Wildcats seek redemption in Roswell

CNJ staff photo: Erick Kluth/Clovis junior Chris Phillips tries to shake free of senior strong safety Carlos Gallo during Thursday’s practice at the high school.

By Rick White

Clovis had enough worries this week without having to replace its starting quarterback.
Coaches learned earlier this week senior Ryan Denton will likely not play again this season due to a recurring problem with concussions.
Denton suffered a concussion either in Friday’s loss to Mayfield or in a minor automobile accident Saturday and his doctors recommended he no longer play football. The 6-foot-4, 190-pound senior suffered concussions the last two years, according to his father.
Denton was one of five returning starters for the Wildcats.
“The biggest thing is the kids all like him and they had confidence in him,” Clovis defensive coordinator Darren Kelley said. “You hate to see this happen after all the hard work he’s put in this summer and the last three years. You hate to see a kid not be able to finish his senior year.”
Junior John Props will replace Denton.
Kelley said no matter who is playing quarterback in Saturday’s game at Roswell, the Wildcats (0-1) have to do a better job of running the football and stopping the run.
“We can’t win football games passing the ball,” Kelley said. “We’ve got to be able to run the football to win games.”
The Wildcats finished with 19 yards rushing against Mayfield, a figure made even more minuscule by the fact that Denton was sacked three times and finished with minus-34 yards on the ground.
“We’ve got to do a better job blocking — and it’s not just the line, it’s everybody,” Kelley said. “Most of the time it was one or two guys that didn’t pick up a stunt or something.”
Kelley said the offense will have to adjust with Props at quarterback because Props, who will move from free safety, is a better runner than passer.
“We’ll probably run the option more and probably roll him out a little more,” Kelley said.
On defense, Jeremy Lawson carved up an inexperienced Clovis defense for 205 yards rushing and three touchdowns, including runs of 49 and 85 yards. The Trojans finished with 451 total yards.
Kelley said the Wildcats’ defensive struggles started on the line, which was expected to be one of the team’s strength.
“We let them block us too easy,” Kelley said.
For the most part the effort was there, just not the execution, he said.
“We had kids that played hard,” Kelley said. “But some of the kids that played hard were making the mistakes.”
Senior Mark Young, who is being shifted from cornerback to free safety to replace Props, said there was too much freelancing last week.
“Some of us didn’t do what we were supposed to do,” Young said. “We’ve got to play hard and follow our assignments and not worry about what everybody else is doing.
“I’m not worried about Roswell, I’m more worried about us beating ourselves.”
In Roswell (0-1), the Wildcats face a team that went winless in 2002 and is coming off a 27-14 loss to El Paso Americas.
It’s a similar situation to last year when Clovis rebounded from an opening night loss by drubbing Roswell 41-0.
“Last year I was disappointed,” second-year Roswell coach Bob Heider said. “I don’t think we showed up expecting to win the ballgame. “This year is different.
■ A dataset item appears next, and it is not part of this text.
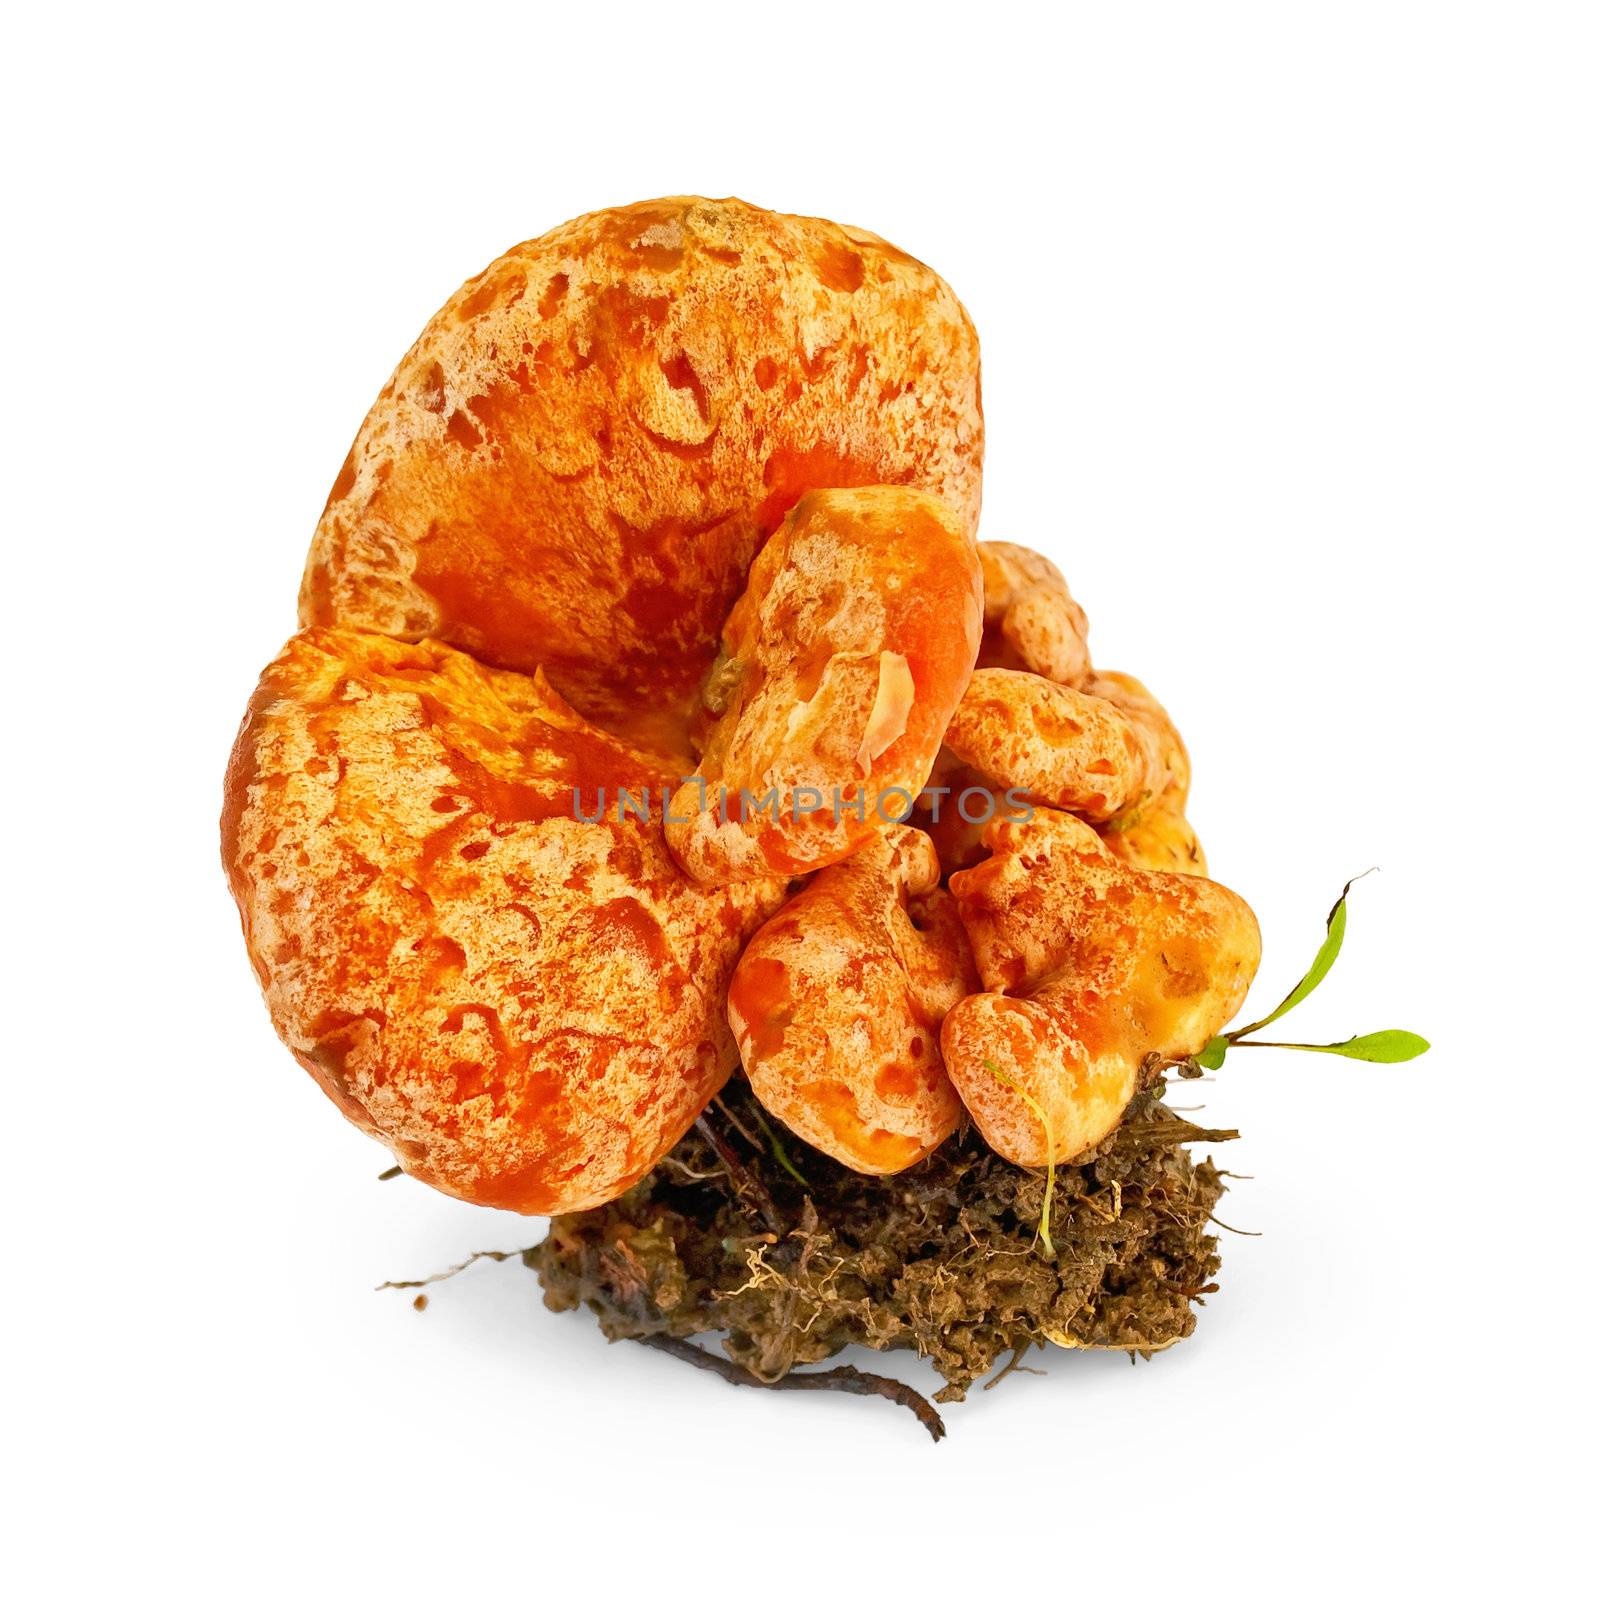 Mushroom saffron to the ground and the green shoots isolated on a white background

The kids this year think they’re going to win.”
The Class 4A Coyotes (0-1) are led by senior quarterback Mike Ramirez, who completed 15 of 20 passes for 141 yards last week.
“We’re going to put the ball in his hands,” Heider said. “He’s our playmaker.”
Heider said he prefers to run the ball but was just taking what the Americas defense gave them.
Junior Armando Carrillo leads an undersized Coyotes defense that allowed Americas running back Jonathan Lane to rush for 202 yards and score four times. Heider said Roswell played better defense than it looked.
“He scored on runs of 85 and 67 yards, otherwise we gave up 41 yards of total offense. I was real pleased.”
Kelley said the important thing this week is the Wildcats learn from their mistakes. He said last week’s loss was tough to digest, but is part of the growing process for the inexperienced Wildcats.
“We’re not really good right now, but we’re not as bad as that game was,” Kelley said.